Марфа Тихоновна горевала, но не опускала рук. Она с еще большим рвением принялась за свою работу. Приказала начисто продезинфицировать стойло погибшего теленка. Сама каждый день проверяла, чиста ли посуда, из которой поят телят. Сама смотрела, чистую ли солому им стелят. Велела сторожихе Наталье Дроздовой получше топить, чтобы телята не простудились… Но вот прошла неделя - и снова! Маленькая чёрная телочка отказалась от пойла и не смогла встать…
- И что делать? И что делать с ними, не знаю! - повторила Марфа Тихоновна. - Если заберется в телятник паратиф, ничем не остановишь.
- Бабушка, - помолчав, ласково сказала Настя, - а давай я тебе "Пионерскую правду" почитаю.
Марфа Тихоновна вскинула на нее острый взгляд, гневная искорка вспыхнула в нем. Но темные глаза Насти глядели так мягко и нежно и все ее розовое лицо было так свежо, ясно и ласково, что искорка эта тотчас погасла.
- Да ты не думай, тут очень интересно, бабушка! Это про Аму-Дарью.
- Аму-Дарья? Это кто же такая?
- Это, бабушка, река. Огромная река, в Туркменистане, вода в ней мутная, желтая, а потому, что там всё пески, пустыня. Кругом пески и пустыня, только около реки деревья растут, поля зеленые, люди живут. А раньше, бабушка, эта река через всю пустыню текла. Там города большие стояли, сады были. А потом река повернула и ушла в другую сторону…

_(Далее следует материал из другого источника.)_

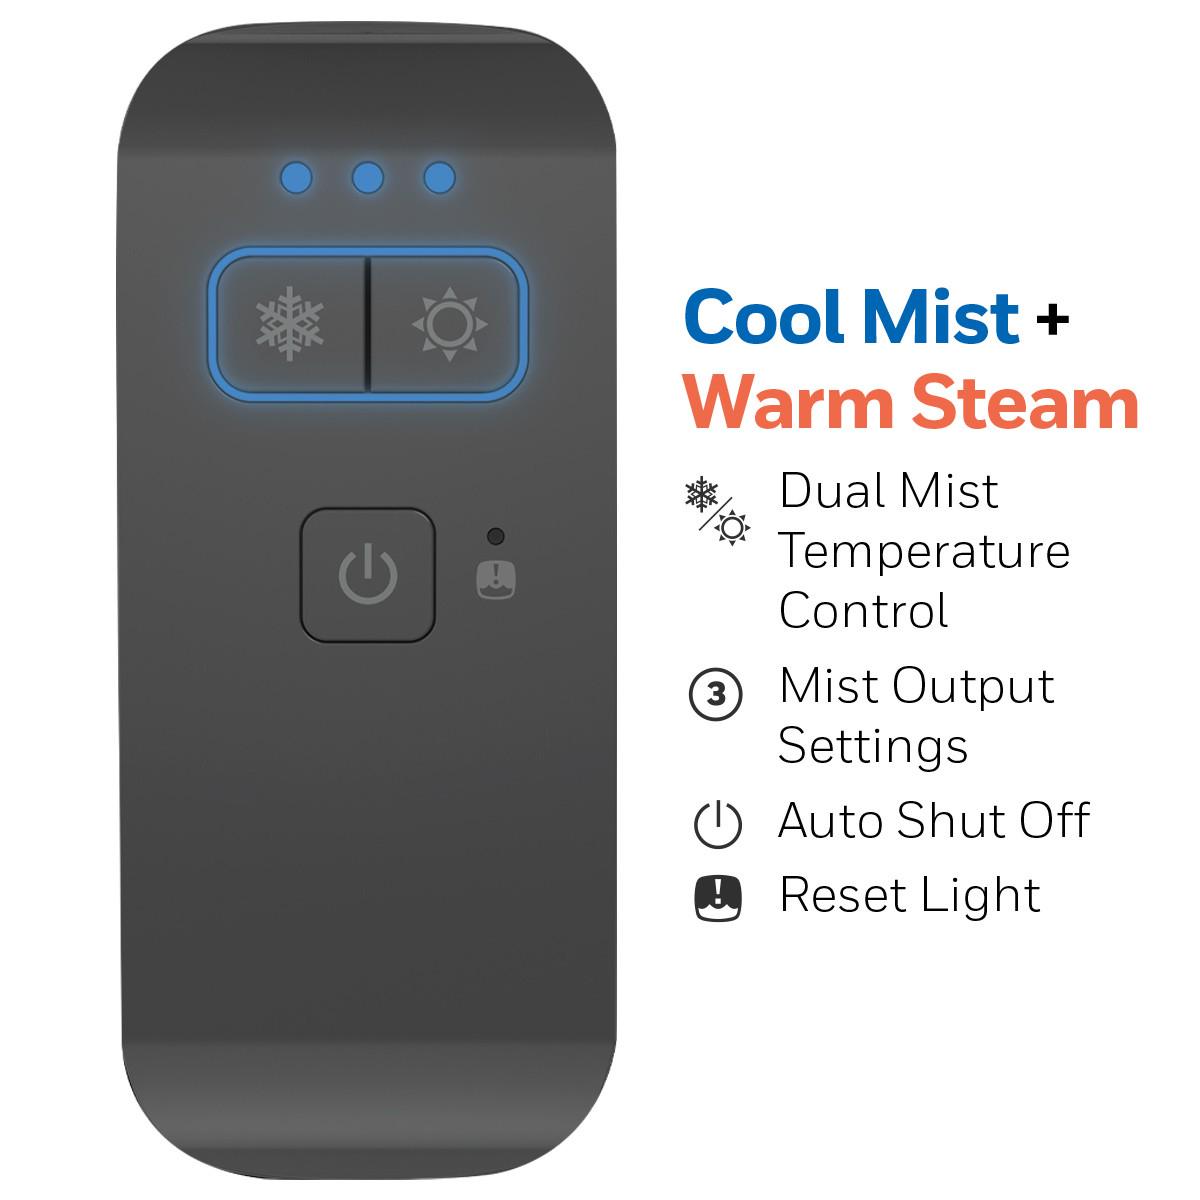 Honeywell Dual Comfort Cool + Warm Mist Humidifier with Fusion Mist Technology for Large Rooms HWC775B Black  Crowdfused
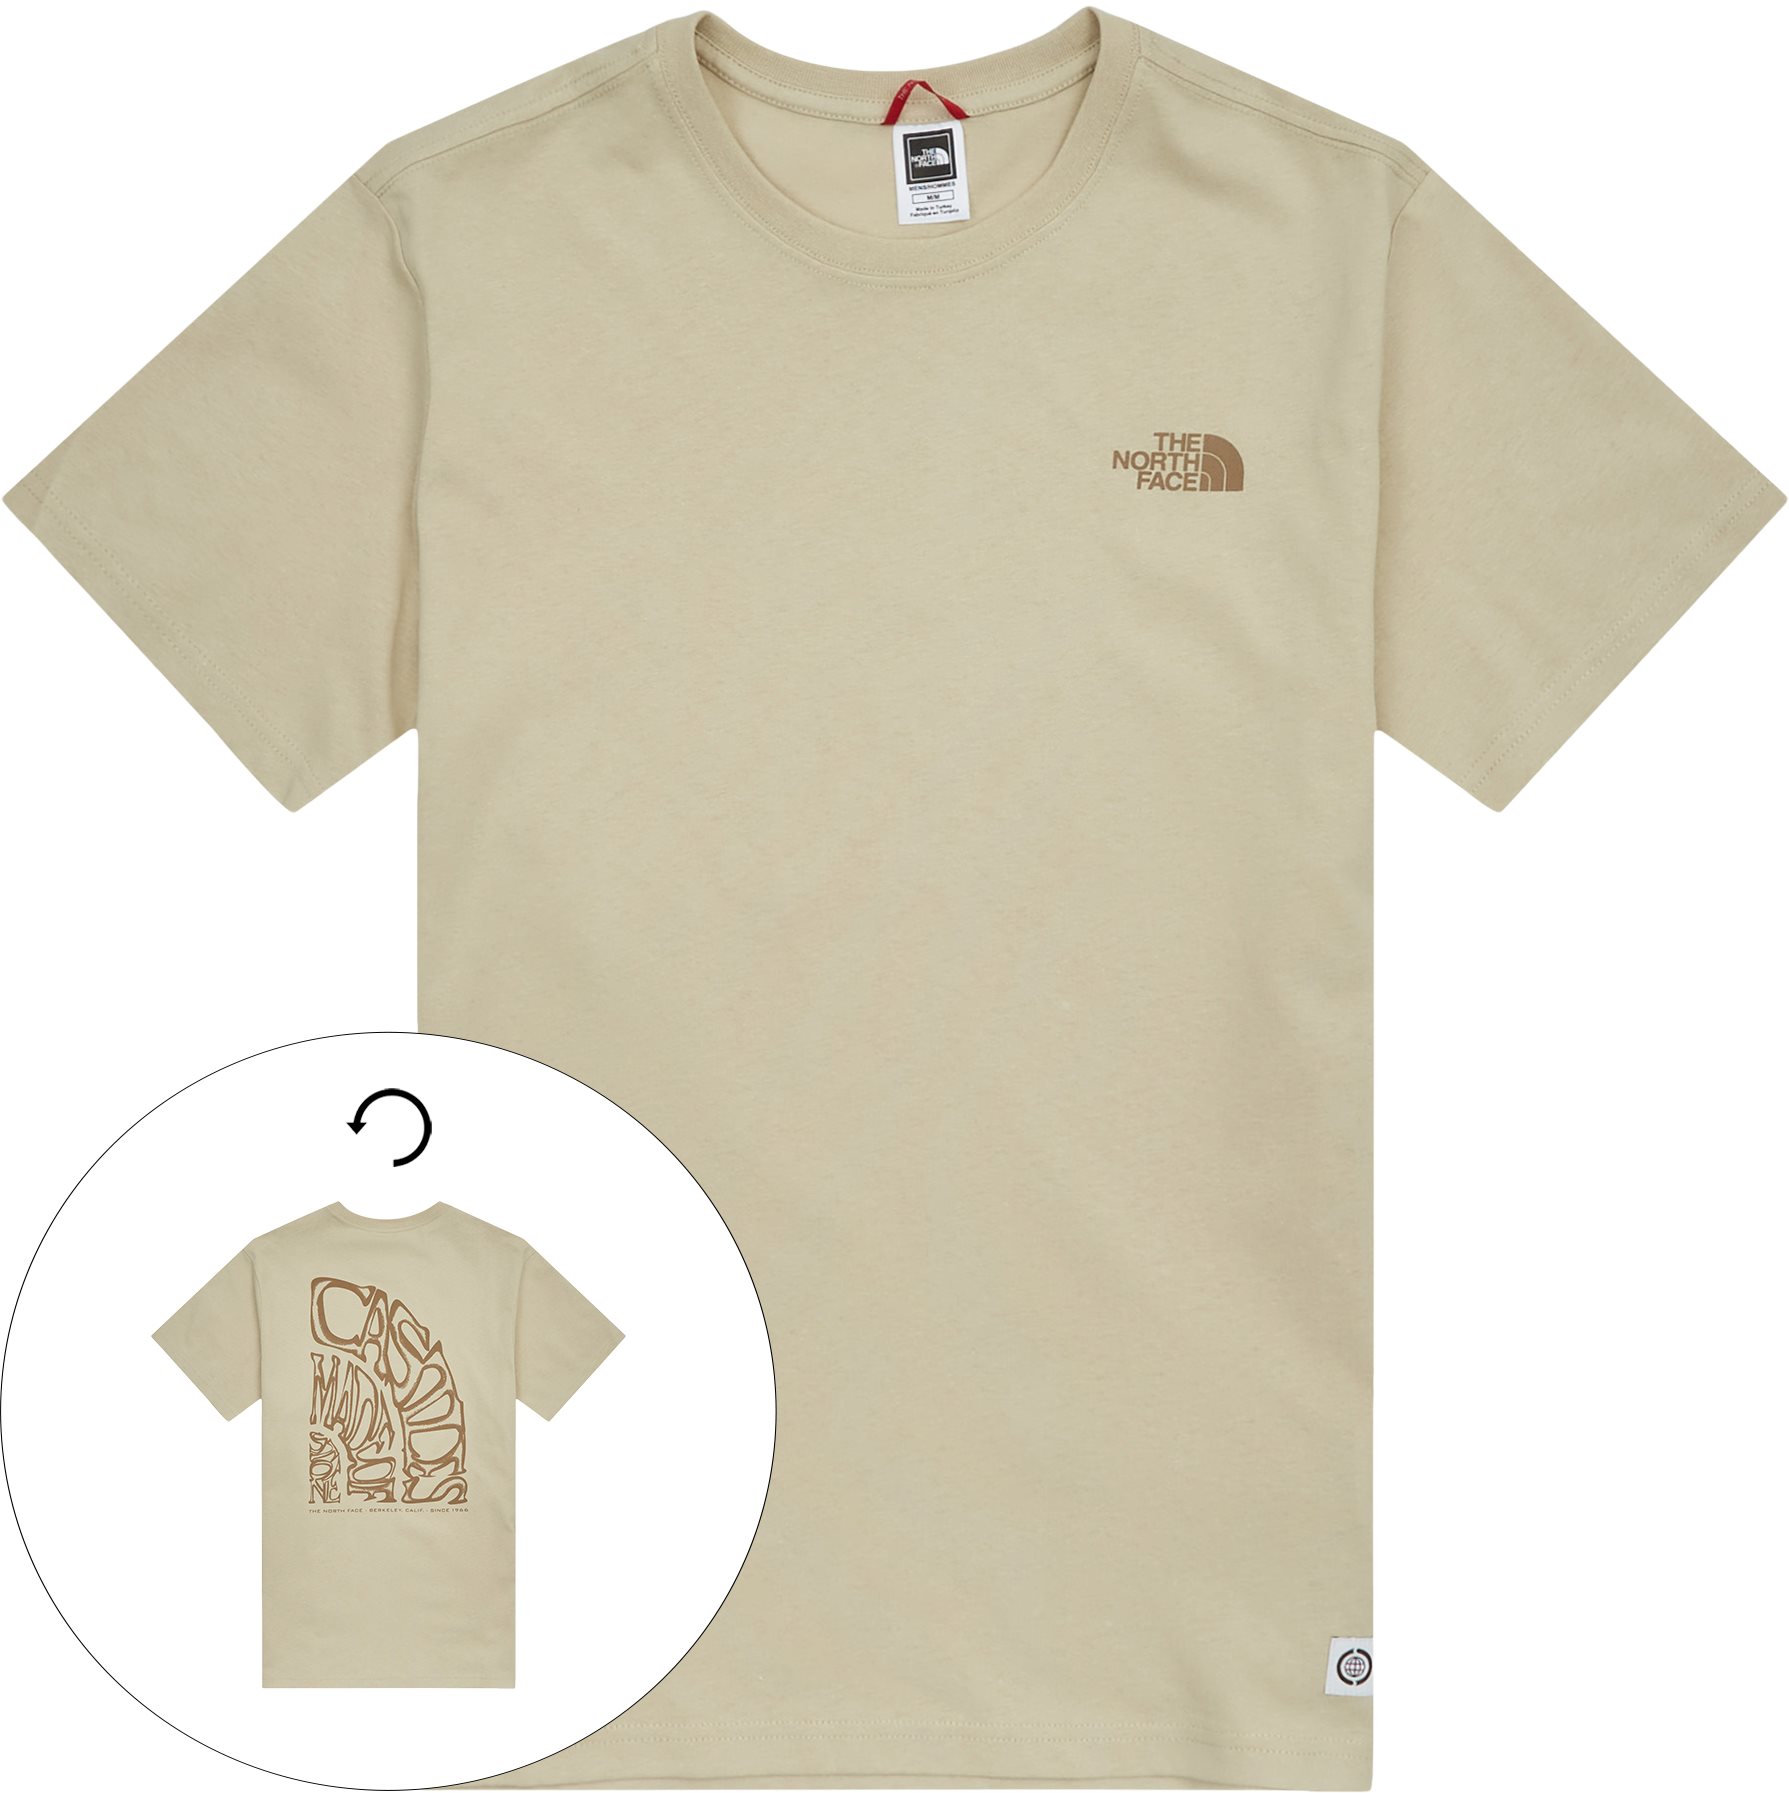 Re-grind Tee - T-shirts - Regular fit - Sand

- Как повернула? - усомнилась бабушка. - Почему? Разве реки могут сами поворачивать, куда захотят? Это и наша Петра, значит, может так: течет-течет мимо наших деревень, а потом возьмет да и повернет в другую сторону?
- Да, да, бабушка, Аму-Дарья повернула, говорю тебе! Даже старое ее русло нашли - Узбой называется. И там пустыня наступила, все города, все сады песком засыпало и лес! А теперь - бабушка, ты слышишь? - мы будем опять Аму-Дарью на старое русло направлять. Уже и работы начали!